Techniques of Dynamic Run-time
TABLE OF CONTENTS
Optimization is a critical component in the processing of
each query submitted to a database management system (DBMS). The difference
between a properly optimized query and an improperly optimized one is huge, as
a query following a suboptimal plan can take exponentially more time than the
same query executed following an optimal plan. To determine the most efficient
manner in which to execute a given query, the DBMS must evaluate execution
strategies and choose among the most favorable calculated.
In recent years, database researchers have begun to rethink the mechanisms for such query optimization. In part, this is due to the expansion of the internet and the distributed queries this has made possible, but the techniques uncovered can also be applied to non-distributed environments. The research focuses on the consideration of processing factors at the time that queries are executed, and the adaptation of their execution in response to real-time data sizes and transfer rates.
This paper will outline the growing research field of adaptive query processing. I will start by first briefly explaining the mechanisms in existing, traditional query processing common today. I will then describe the problems with traditional query processing that adaptive query processing seeks to overcome. Lastly, I will outline various experimental solutions that show great promise.

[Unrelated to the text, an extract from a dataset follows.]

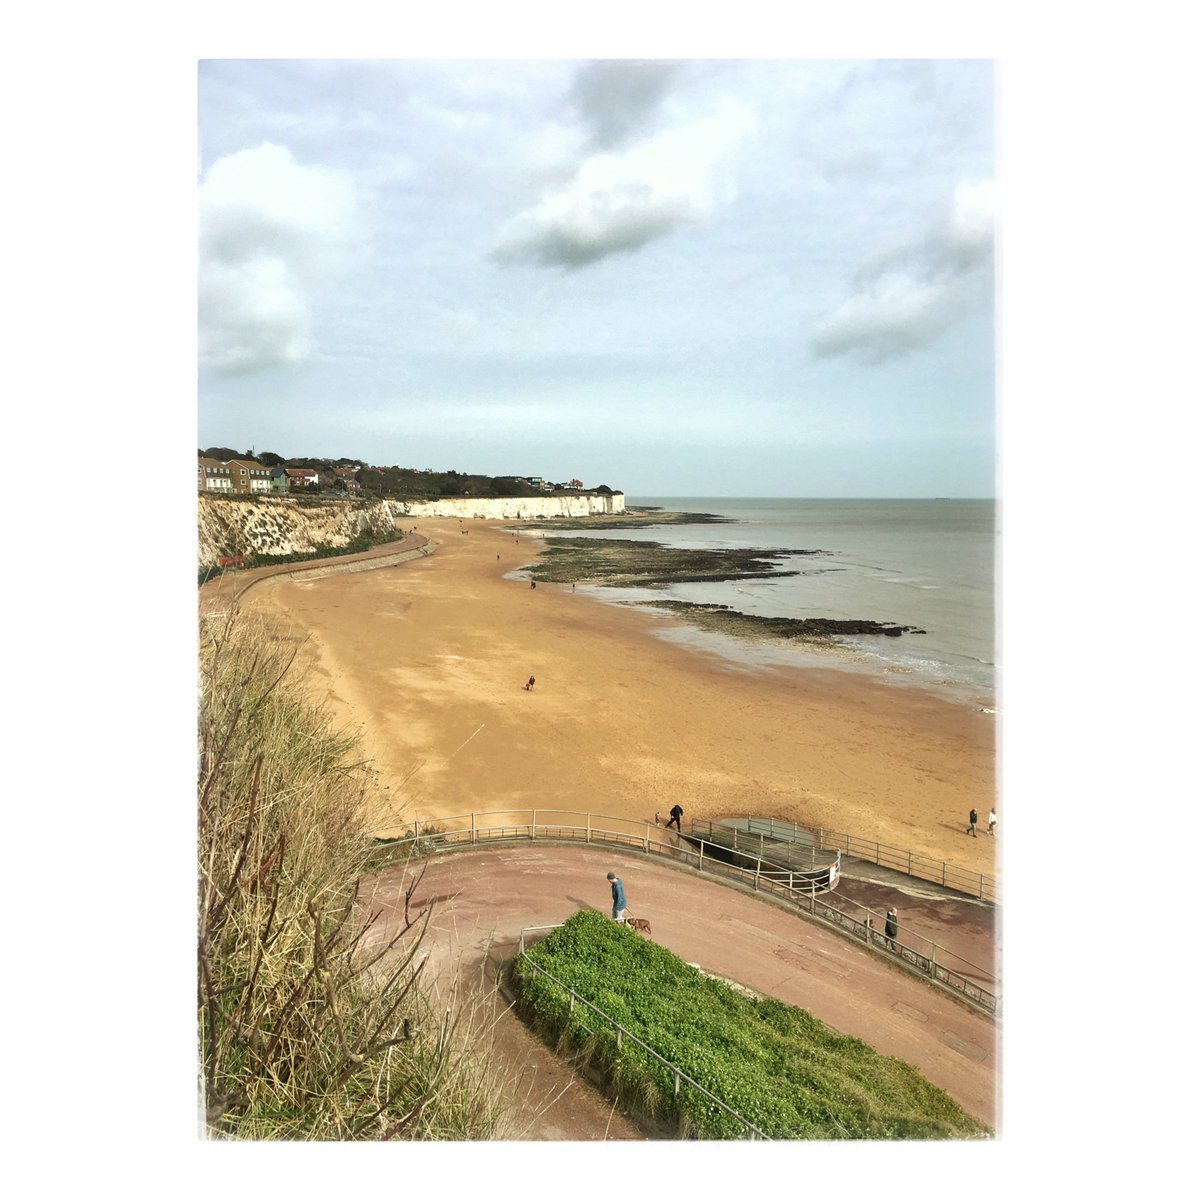 The view on the way this mornings shoot in #Broadstairs, was so nice out I had to document it. #seaside #dogwalkers #Kent #coastline #landscapephotography #England

Traditional query processing is dominated by statistics collection and probability theory. Basically, the DBMS tracks its relations and tuples in those relations at various intervals. When a query is submitted, it tries to estimate an optimal query plan by using this collected information. The execution costs of different plan computations are then compared; the DBMS picks the best one and executes it.
In most commercial DBMSs, the optimal execution plan for a given query is stored in memory and reused each time the same query is executed. By determining the query plan at compile time and then caching the results, the DBMS ensures that it is not incurring the overhead of recalculating a query plan for the same query each time it is executed. The DBMS will only recompile the query plan when there are relation schema changes, a significant change in the collected statistics, or when the cache is full and a previously compiled plan has been aged out of the cache.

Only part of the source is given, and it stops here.